Dat is misschien wel zo, maar dan heb je altijd nog de mogelijkheid om af te gelasten. Wat dat betreft nog een keer een dikke duim naar de mensen rondom Concert at Sea die vanwege het dreigende gevaar gewoon een complete dag cancelden. Heel vervelend voor je publiek, organisatie, inkomsten en noem het maar op: maar als dit dan gebeurd staat er in ieder geval niemand meer onder. 

Als je constructie is berekend op windkracht X en windkracht X+1 wordt voorspeld (dat weet je een uur van tevoren echt wel), dan moet je de enige zinnige beslissing nemen en levens redden. 99 van de 100 keer gebeurd er misschien niets, maar de 100e keer zijn er dus wel 4 slachtoffers. De rechtbanken in de US zullen wel weer overuren gaan draaien vanwege alle claims.

----------


## speakertech

> De vraag is, in welke mate kun je je volledig voorbereiden op extreem zware windstoten.
> 
> Volgens mij: onmogelijk.



Volledig natuurlijk nooit, maar ook in Nederland bekijk ik wel eens soortgelijke podia. Aan zijdelingse windvang wordt nauwelijks wat gedaan. Dat zal wel weer een practische reden hebben, omdat waar je precies schoren zou willen hebben, dan weer de torens staan met de linearrays erin. Het vloeroppervlak van die torens is dan ook weer klein ten opzichte van de hoogte, dus daar mag je geen extra stevigheid van verwachten. Gaat de constructie dan iets over het zwaartepunt heen, dan is het foute boel..
Ook schoren naar voor is een utopie, want dan komen ze tussen het publiek, maar dat houdt wel in als de wind recht van voor komt, dat er waarschijnlijk ook geen houden meer aan is.
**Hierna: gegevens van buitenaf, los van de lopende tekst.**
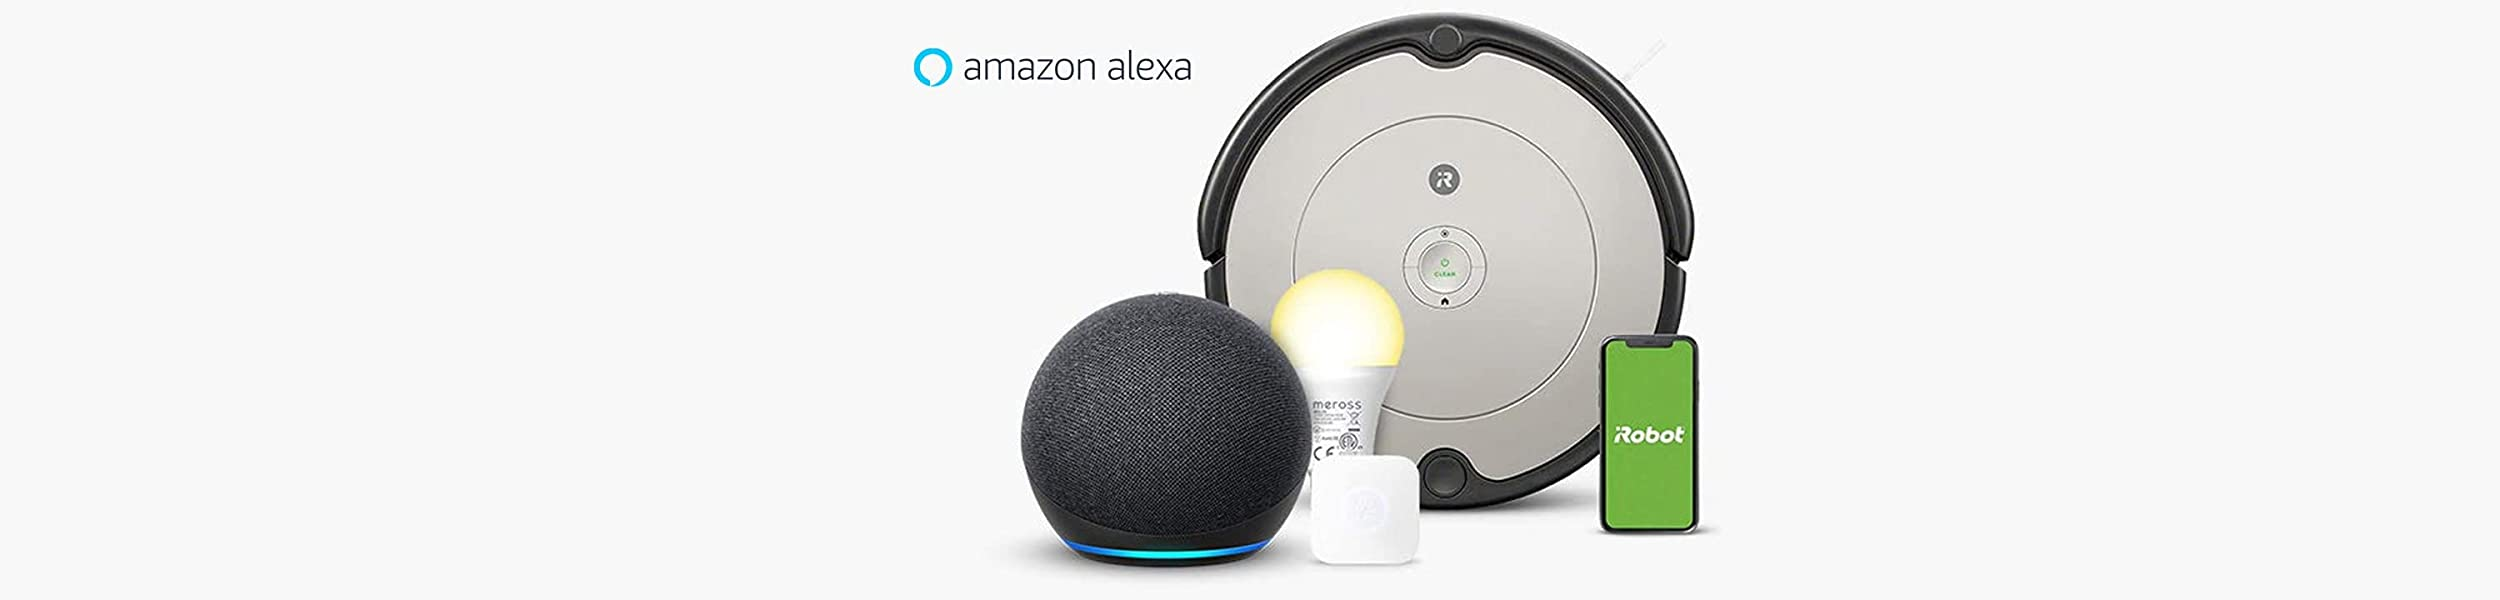 Alexa対応スマートホーム製品がお買い得

Gezien de oppervlakten van de wanden, zijn een paar betonblokken niet in staat het geheel overeind te houden.
Misschien moet er wel een veiligheid uitgevonden worden, waarbij de dekzeilen loslaten als de windkracht te groot wordt. De truss constructie heeft beduidend minder windvang en een losgeraakt zeil richt waarschijnlijk minder schade aan.
Ik ben geen constructeur, maar met enig technisch inzicht, kun je wel voorspellen of iets goed (blijft) gaan.


Speakertech

----------


## Timo Beckman

> Misschien moet er wel een veiligheid uitgevonden worden, waarbij de dekzeilen loslaten als de windkracht te groot wordt. De truss constructie heeft beduidend minder windvang en een losgeraakt zeil richt waarschijnlijk minder schade aan.
> Ik ben geen constructeur, maar met enig technisch inzicht, kun je wel voorspellen of iets goed (blijft) gaan.
> 
> 
> Speakertech



Die veiligheid zat er ook ingebouwd bij deze situatie . Op het filmpje wat ik terug vond zie je dat het dakzeil los scheurt aan de rechterkant (van voren gezien) . Jammer dat de linker zijde tegen de dak trussen aan geblazen wordt en niet los laat .
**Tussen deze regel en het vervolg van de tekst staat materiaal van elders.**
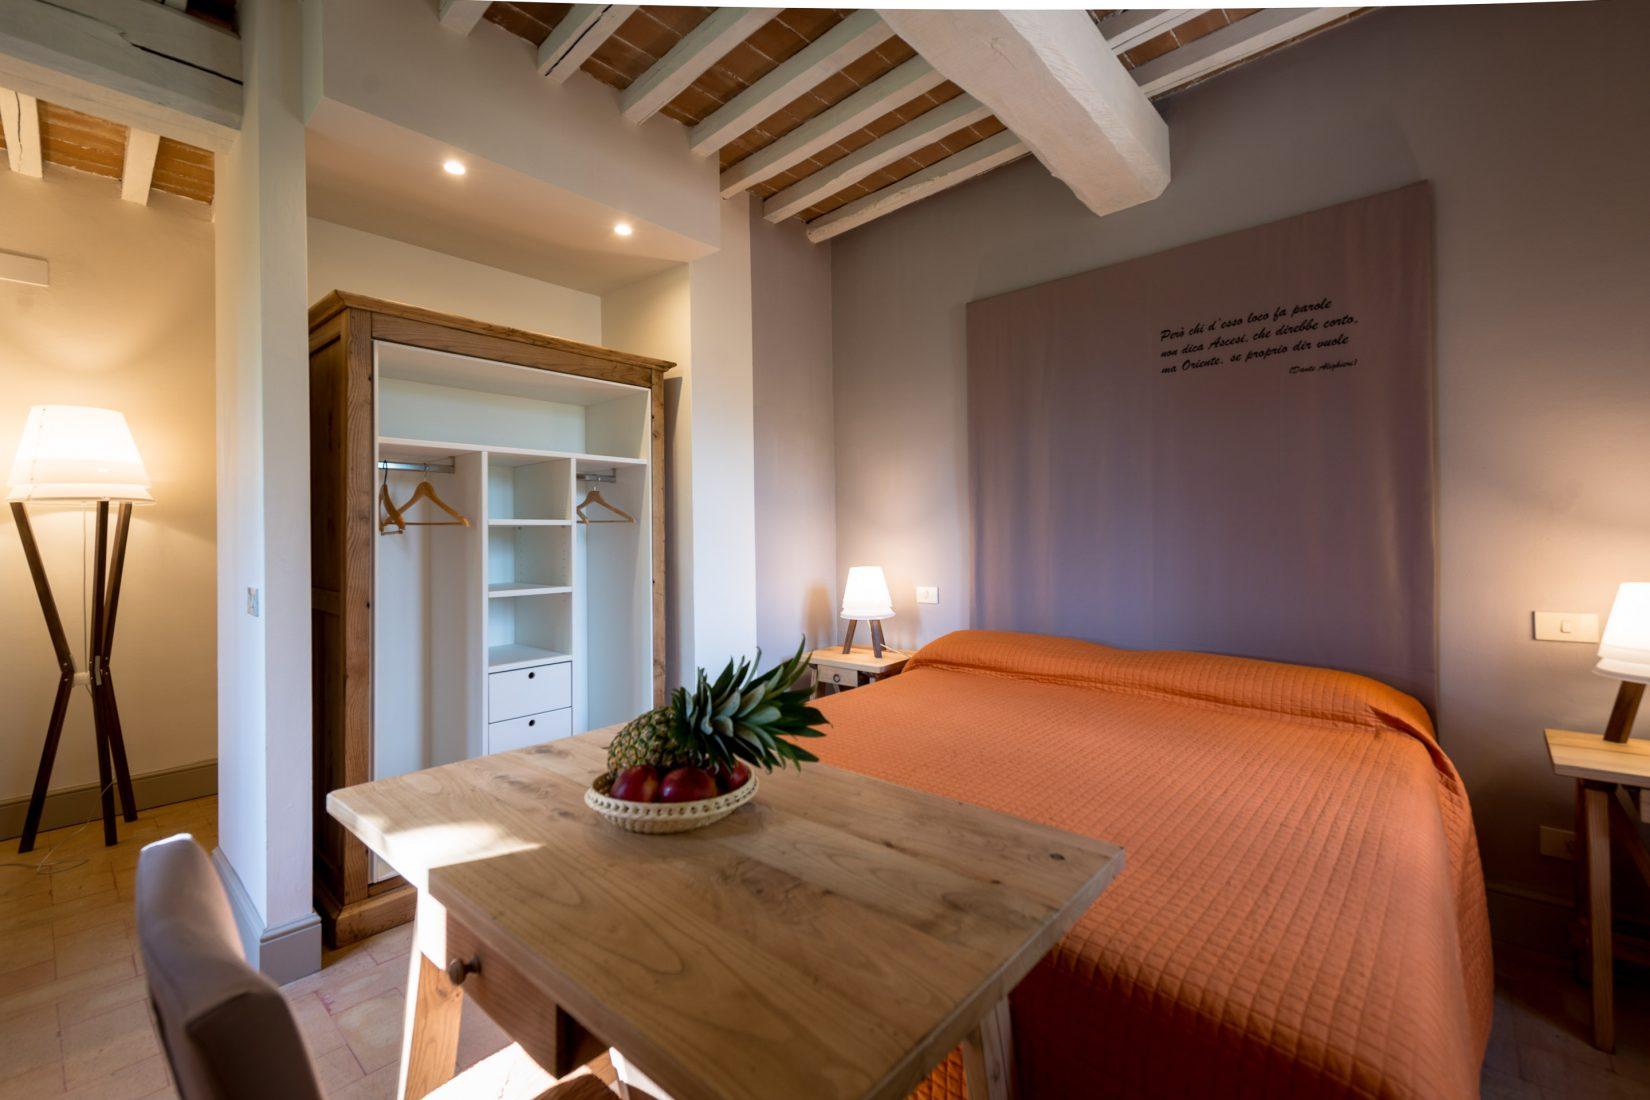 Alloro - Villamena Resort Assisi

http://forums.prosoundweb.com/index....ic,4255.0.html

----------


## s142918

Op diezelfde site staat ook een filmpje van vorig jaar (zonder wind) waarin de constructie te zien is. Het is natuurlijk niet 100% zeker dat het om dezelfde constructie gaat, maar daar heeft het wel alle schijn van: http://www.youtube.com/watch?v=H4zuAmp3uQ4

----------


## frederic

> Op diezelfde site staat ook een filmpje van vorig jaar (zonder wind) waarin de constructie te zien is. Het is natuurlijk niet 100% zeker dat het om dezelfde constructie gaat, maar daar heeft het wel alle schijn van: http://www.youtube.com/watch?v=H4zuAmp3uQ4



Schuine stalen verstevigingen zijn niet nodig blijkbaar?  :Confused: 
En aan beide kanten 5 40/40 truskes?

----------


## speakertech

> Schuine stalen verstevigingen zijn niet nodig blijkbaar? 
> En aan beide kanten 5 40/40 truskes?



Daar durf ik nog geen laddertje tegen te zetten..........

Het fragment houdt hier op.